O Globo, Folha, Estadão e todo o séquito de repetidores pelo país afora… Nenhuma indignação, nenhum chamamento  que possa  representar qualquer alento ao cidadão espezinhado. Só o registro objetivo dos fatos, num tom oficioso para dar a entender que é assim mesmo. “Quem tem aliados tem tudo”, como escreveu a colunista.
Aqueles comentários indignados, aqueles editoriais, aqueles reptos de que a Lava Jato era intocável, que o combate à corrupção é uma exigência da sociedade… foram para a lata do lixo. A Lava Jato agoniza em praça pública.
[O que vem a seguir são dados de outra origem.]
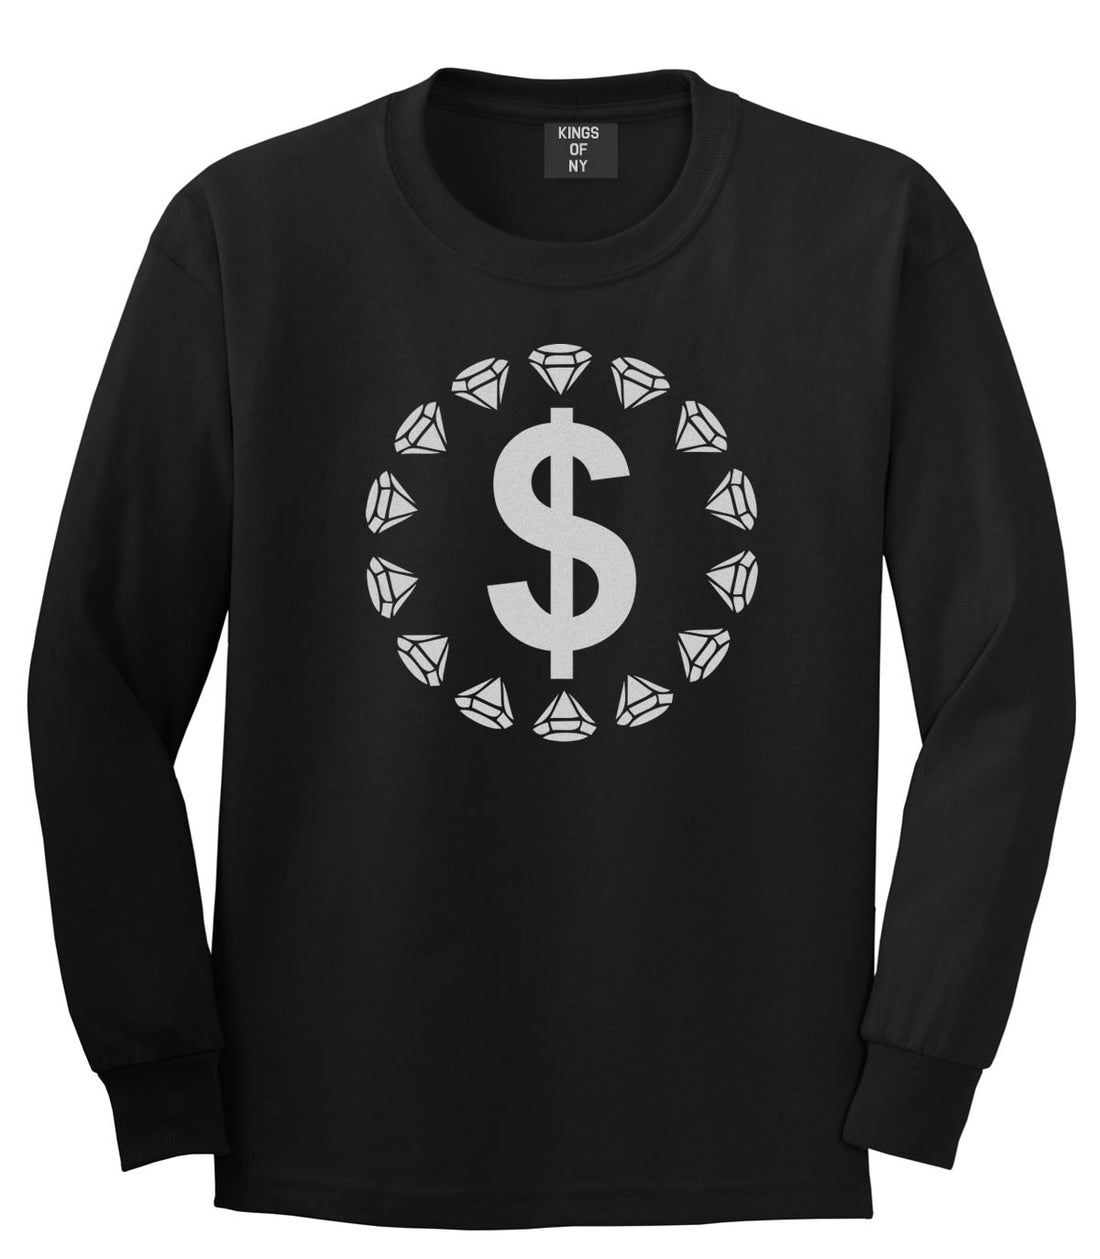 Diamonds Money Sign Logo Long Sleeve T-Shirt in Black by Kings Of NY

Como disse, em editorial, o Globo, de onde emana a diretriz principal que inspira o jornalismo oficioso, os parlamentares perderam oportunidade de atender aos anseios da população por justiça, mas o importante é que a Constituição foi respeitada, “manteve-se intocável o fundamento constitucional de harmonia entre os poderes”.
Esse foi o golpe dentro do golpe. Agora é tocar pra frente que ainda tem a reforma da Previdência para aprovar antes da eleição de 2018.
 
 

Crime de Imprensa

O imediatismo que domina as grandes redações já lançou no cesto das notícias velhas o suicídio do reitor da Universidade Federal de Santa Catarina, Luis Carlos Cancellier de Olivo.
A principal razão é que até mesmo os vetustos jornalões, que não cansam de proclamar seu compromisso com a verdade dos fatos, sujaram o nome neste episódio.
Uma coisa é uma delegada abusar da sua autoridade ou uma juíza inexperiente exorbitar, incorrer em erro. Outra é uma imprensa inteira engolir sem mastigar informações erradas e consagrar versões baseadas em delações duvidosas. O cartaz que uma estudante tentou colocar sobre o caixão, no velório, cobrando “Cadê os 80 milhões”, diz tudo.
A mídia tem sido bem sucedida em suas manobras para encobrir erros históricos. Vamos ver agora.
Se as reservas de cidadania e consciência democrática que o país ainda tem não forem suficientes para exigir o amplo esclarecimento desse caso, é porque estamos muito pior do que se imagina.